# Stored data:
──────

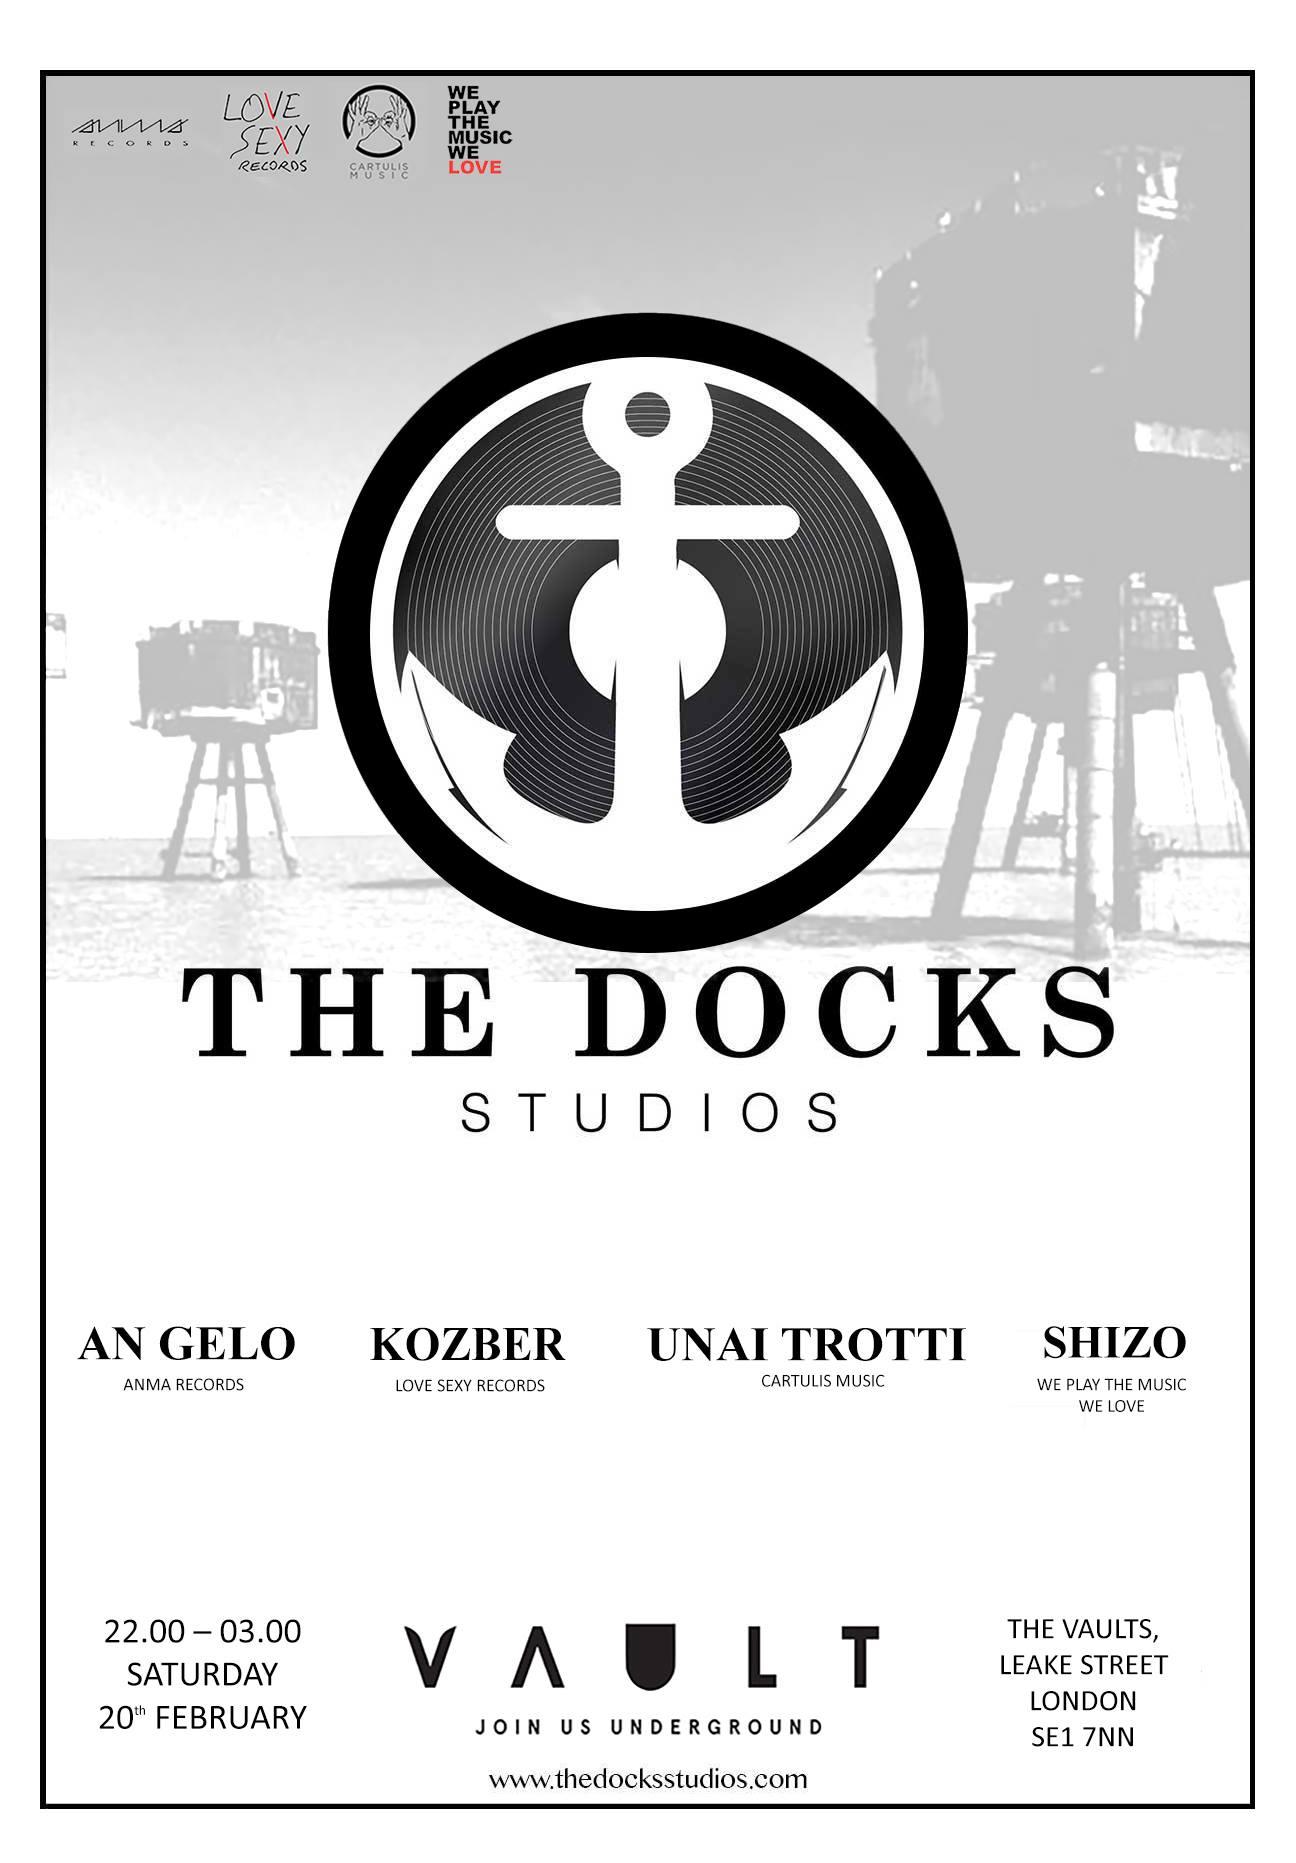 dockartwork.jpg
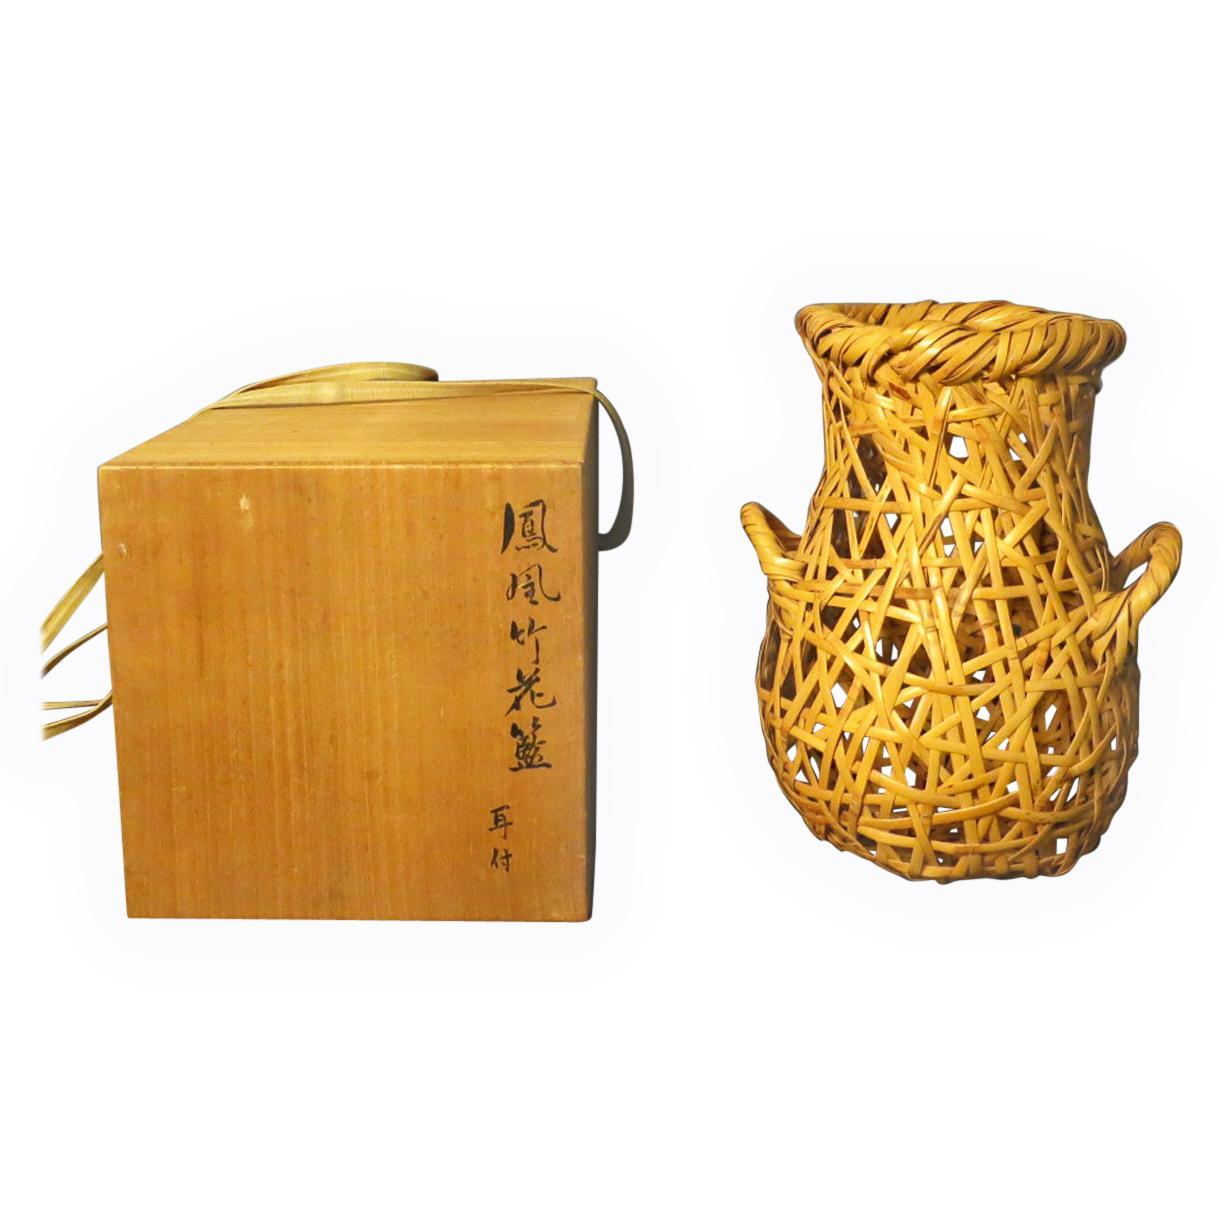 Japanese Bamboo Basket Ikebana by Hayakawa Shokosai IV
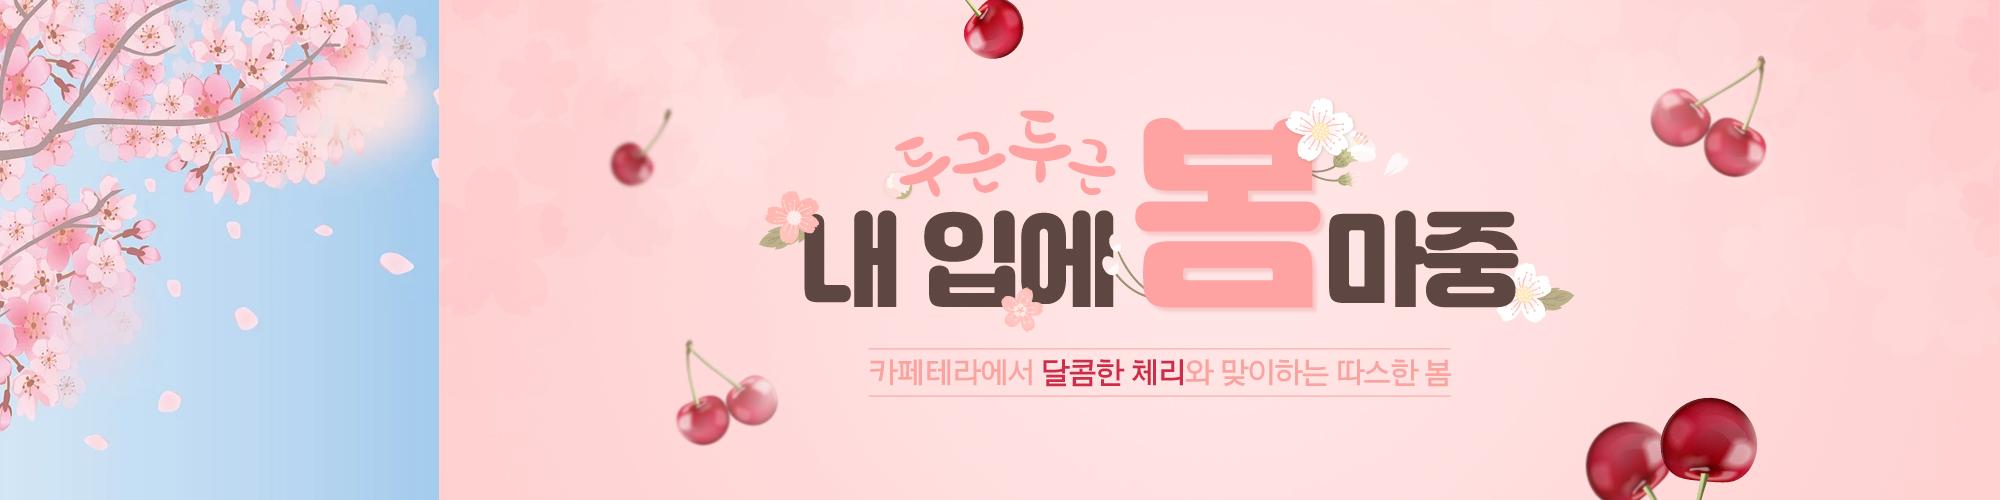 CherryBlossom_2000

──────

# What the task requires:
Except for the pictures, print the data above exactly.

# Answer to this task:
 dockartwork.jpg
 Japanese Bamboo Basket Ikebana by Hayakawa Shokosai IV
 CherryBlossom_2000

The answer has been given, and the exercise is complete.